--- TASK REQUIREMENTS ---
Could you return the data that follows exactly, minus the images?

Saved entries

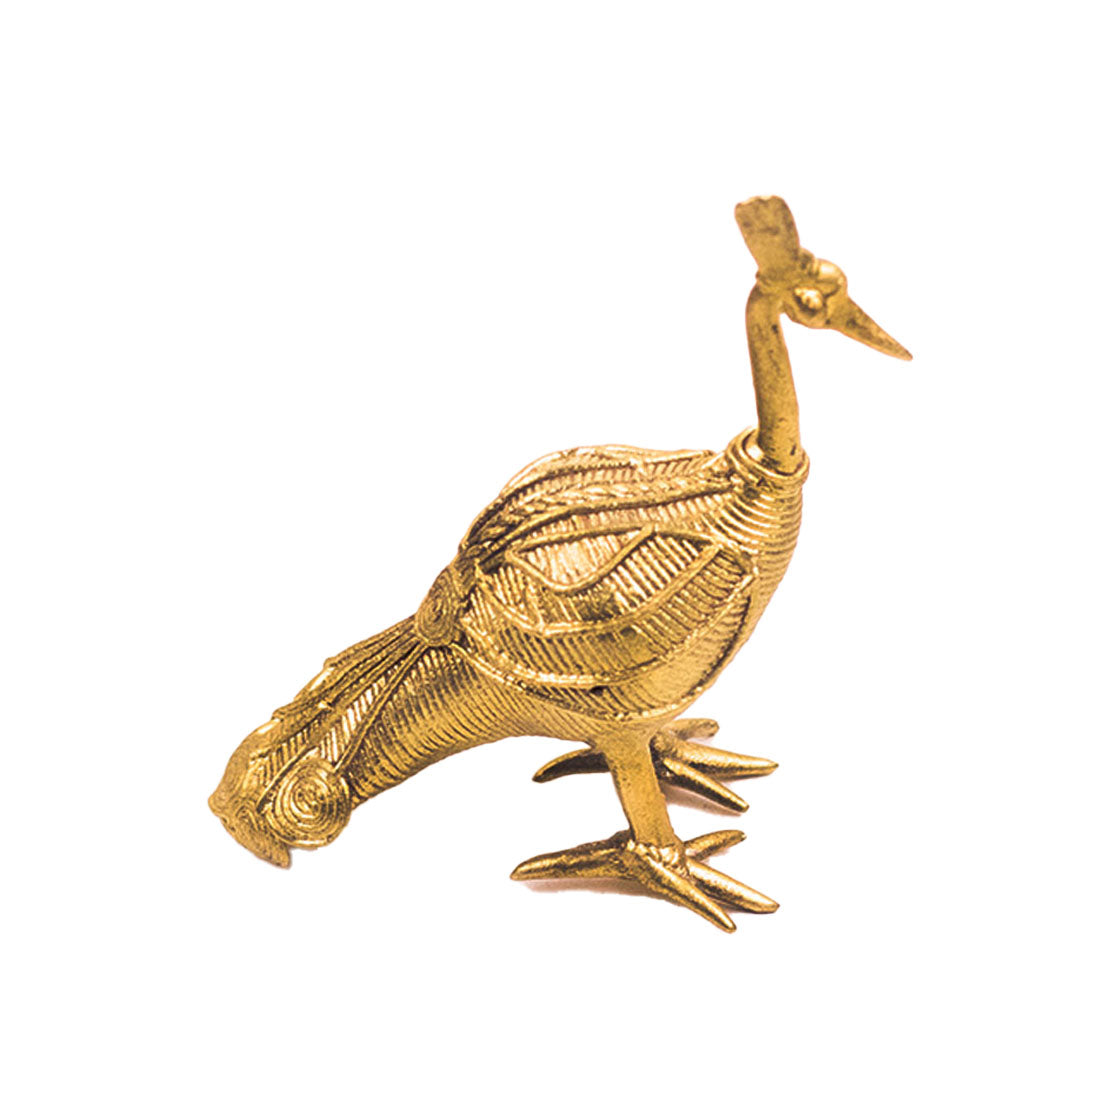 Handmade Golden Peacock Brass Figurine
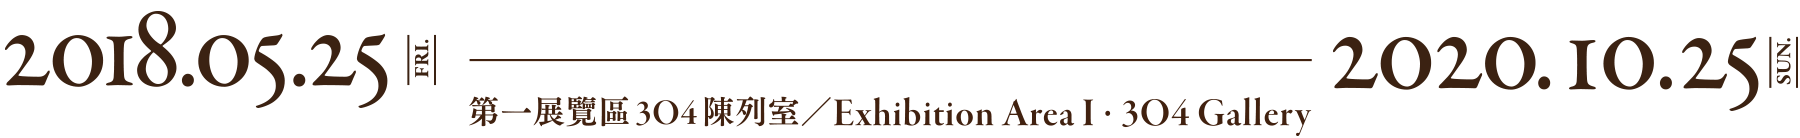 天香茄楠—香玩文化特展，展出時間 2018年05月25日至2020年10月25日，北部院區 第一展覽區 304
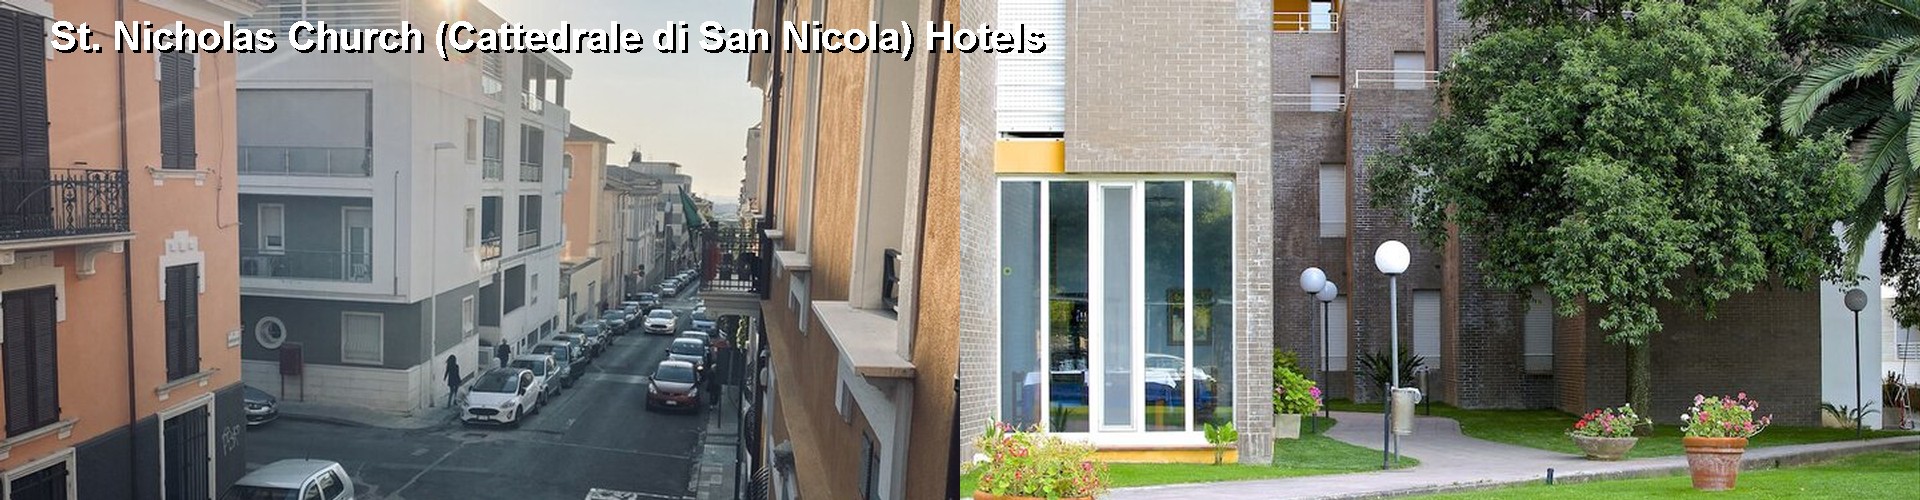 5 Best Hotels near St. Nicholas Church (Cattedrale di San Nicola)
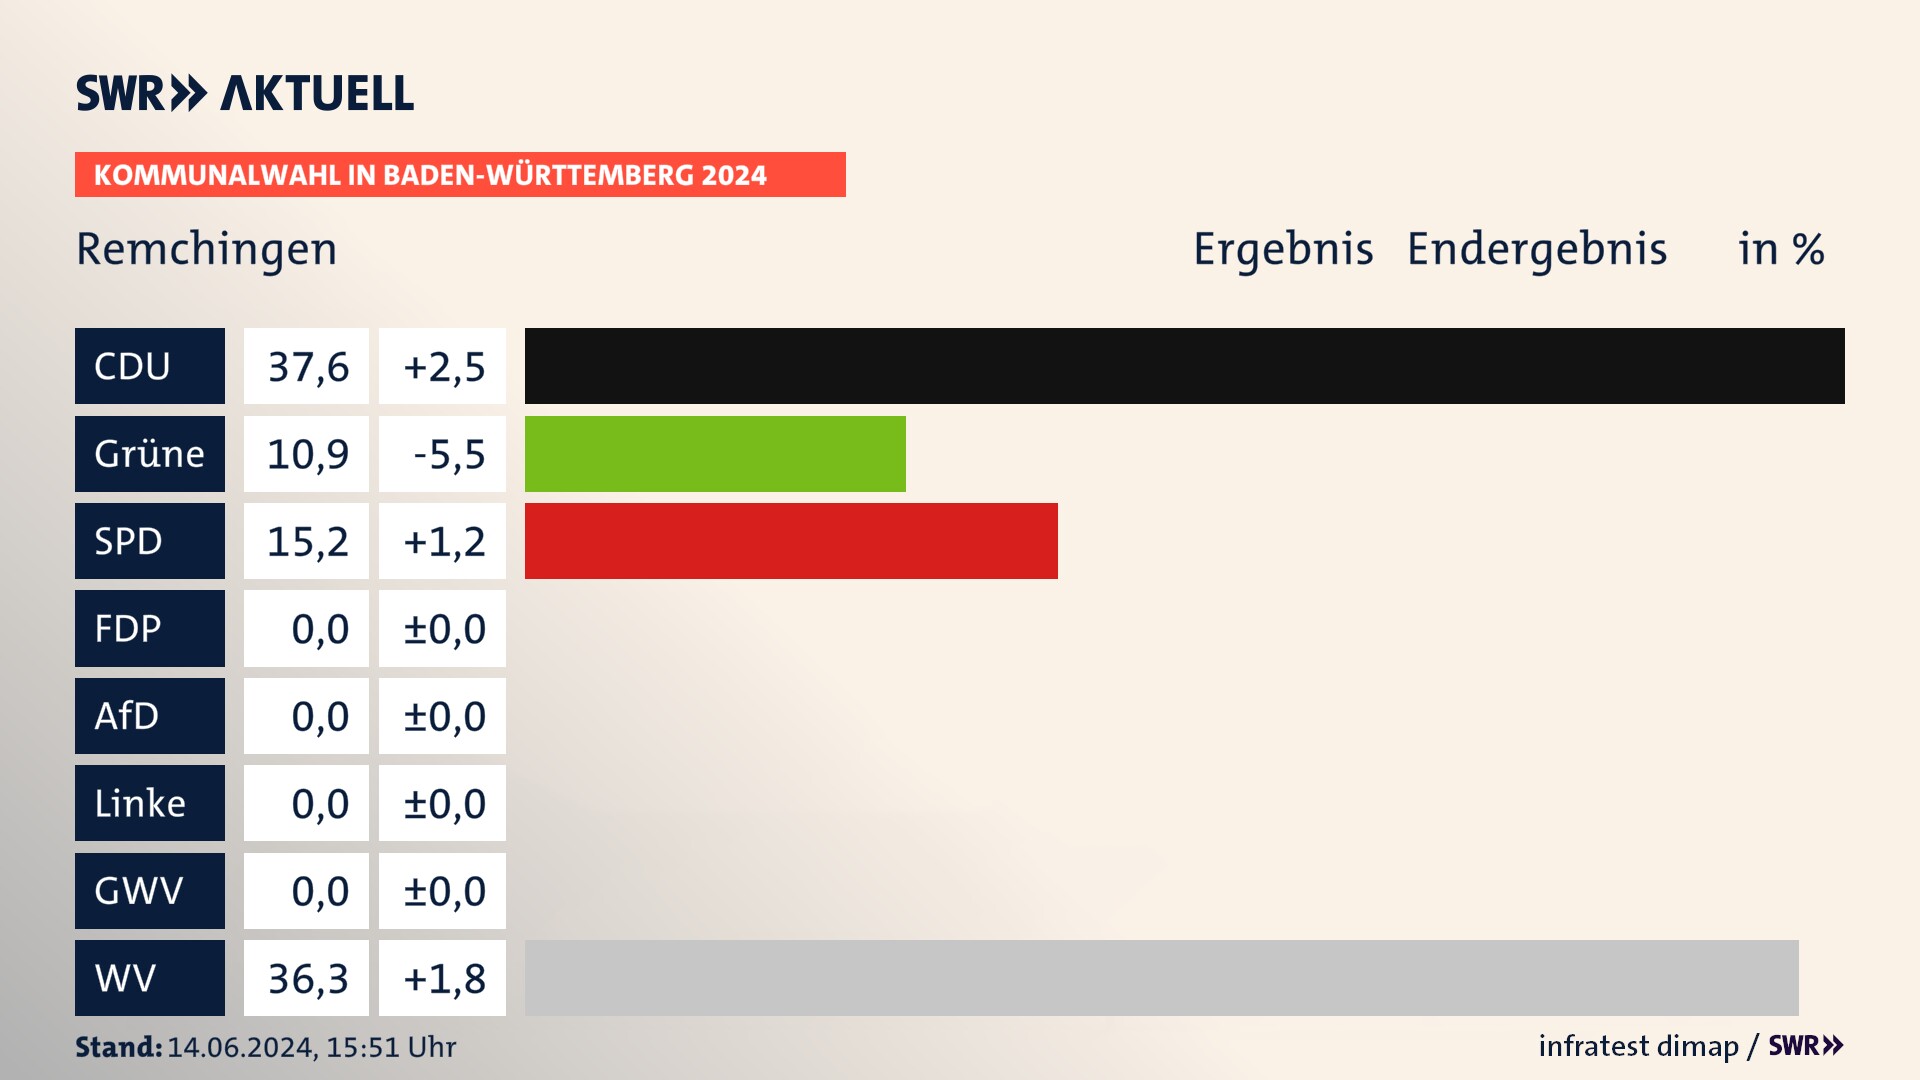 Kommunalwahl 2024 Endergebnis Zweitstimme für Remchingen. In Remchingen erzielt die CDU 37,6 Prozent der gültigen  Stimmen. Die Grünen landen bei 10,9 Prozent. Die SPD erreicht 15,2 Prozent. Die Wählervereinigungen kommen auf 36,3 Prozent.
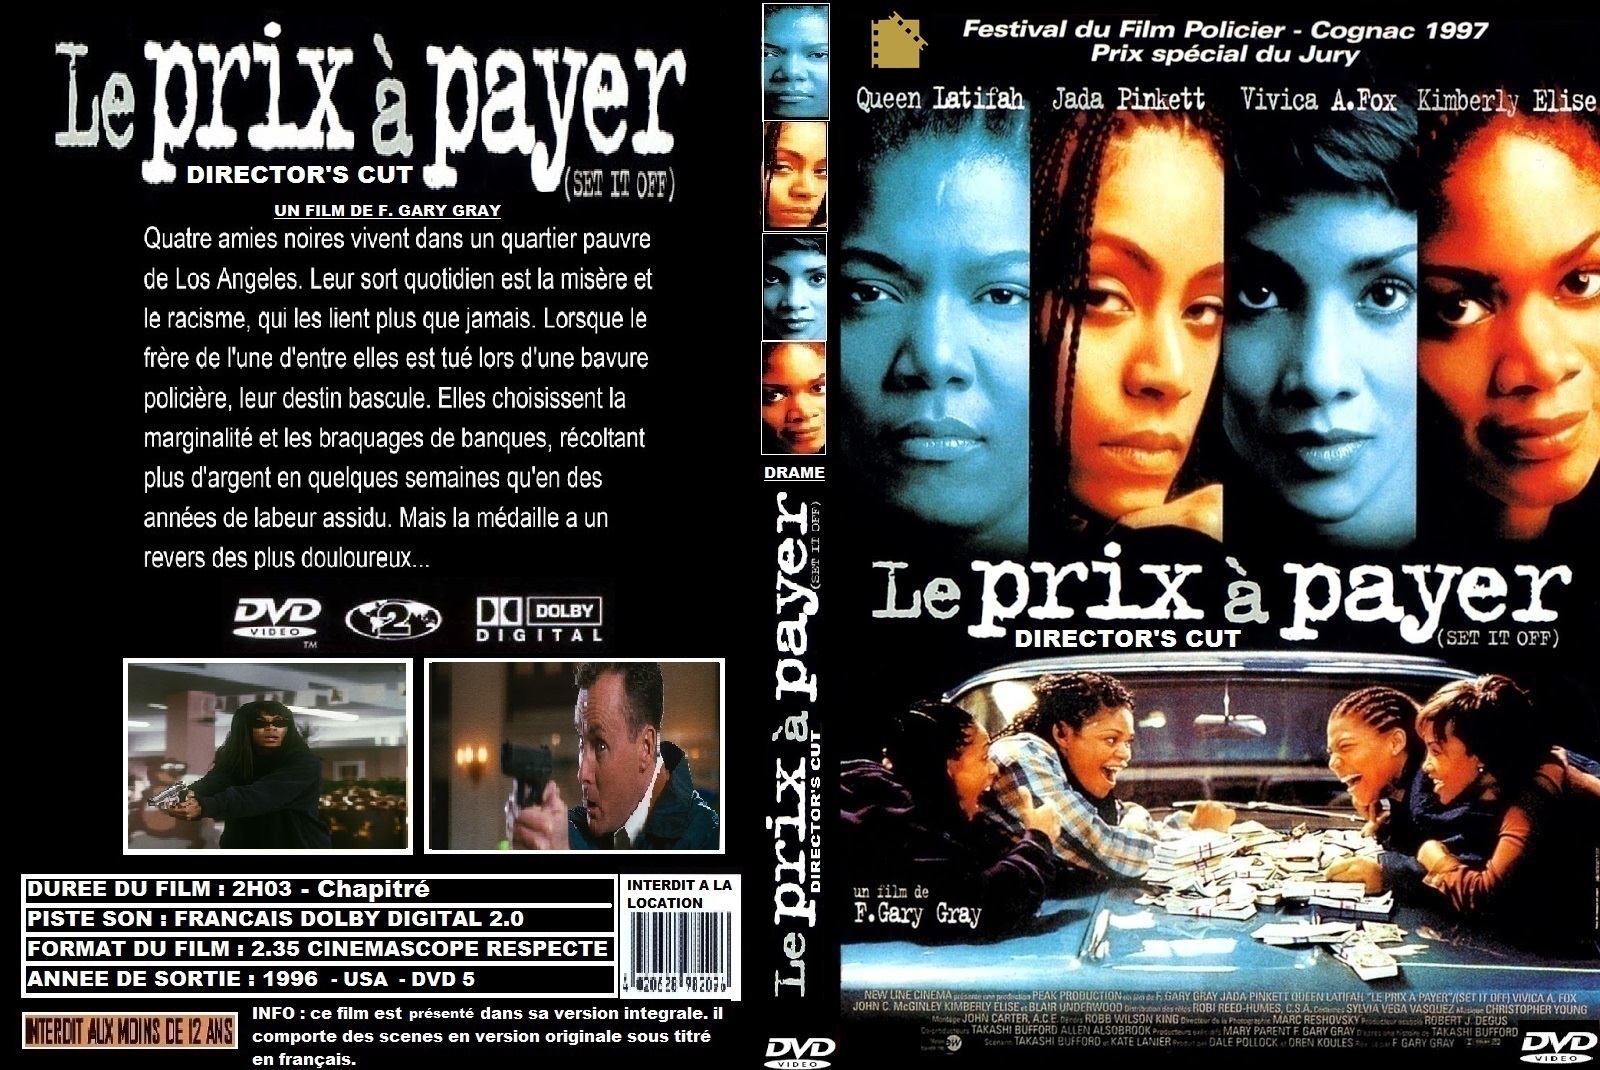 Jaquette DVD Le prix  payer (1997) custom
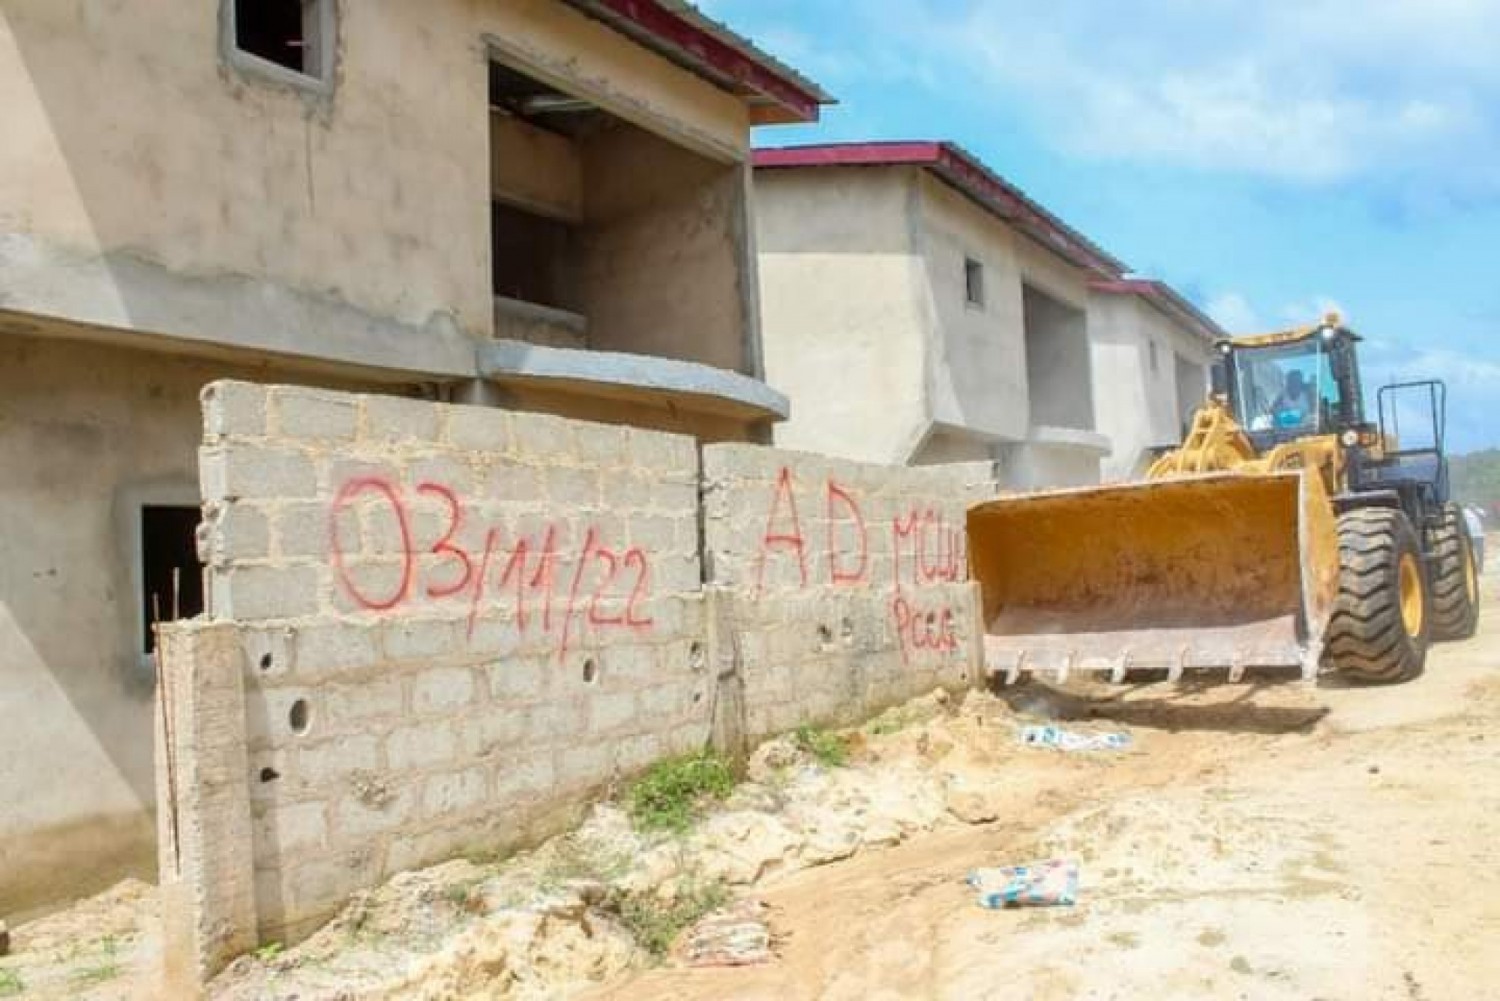 Côte d'Ivoire : Bingerville, plusieurs Villas de différentes promotions immobilières érigées sans agrément programme, démolies

--- ANSWER SECTION ---
 Handmade Golden Peacock Brass Figurine
 天香茄楠—香玩文化特展，展出時間 2018年05月25日至2020年10月25日，北部院區 第一展覽區 304
 5 Best Hotels near St. Nicholas Church (Cattedrale di San Nicola)
 Kommunalwahl 2024 Endergebnis Zweitstimme für Remchingen. In Remchingen erzielt die CDU 37,6 Prozent der gültigen  Stimmen. Die Grünen landen bei 10,9 Prozent. Die SPD erreicht 15,2 Prozent. Die Wählervereinigungen kommen auf 36,3 Prozent.
 Jaquette DVD Le prix  payer (1997) custom
 Côte d'Ivoire : Bingerville, plusieurs Villas de différentes promotions immobilières érigées sans agrément programme, démolies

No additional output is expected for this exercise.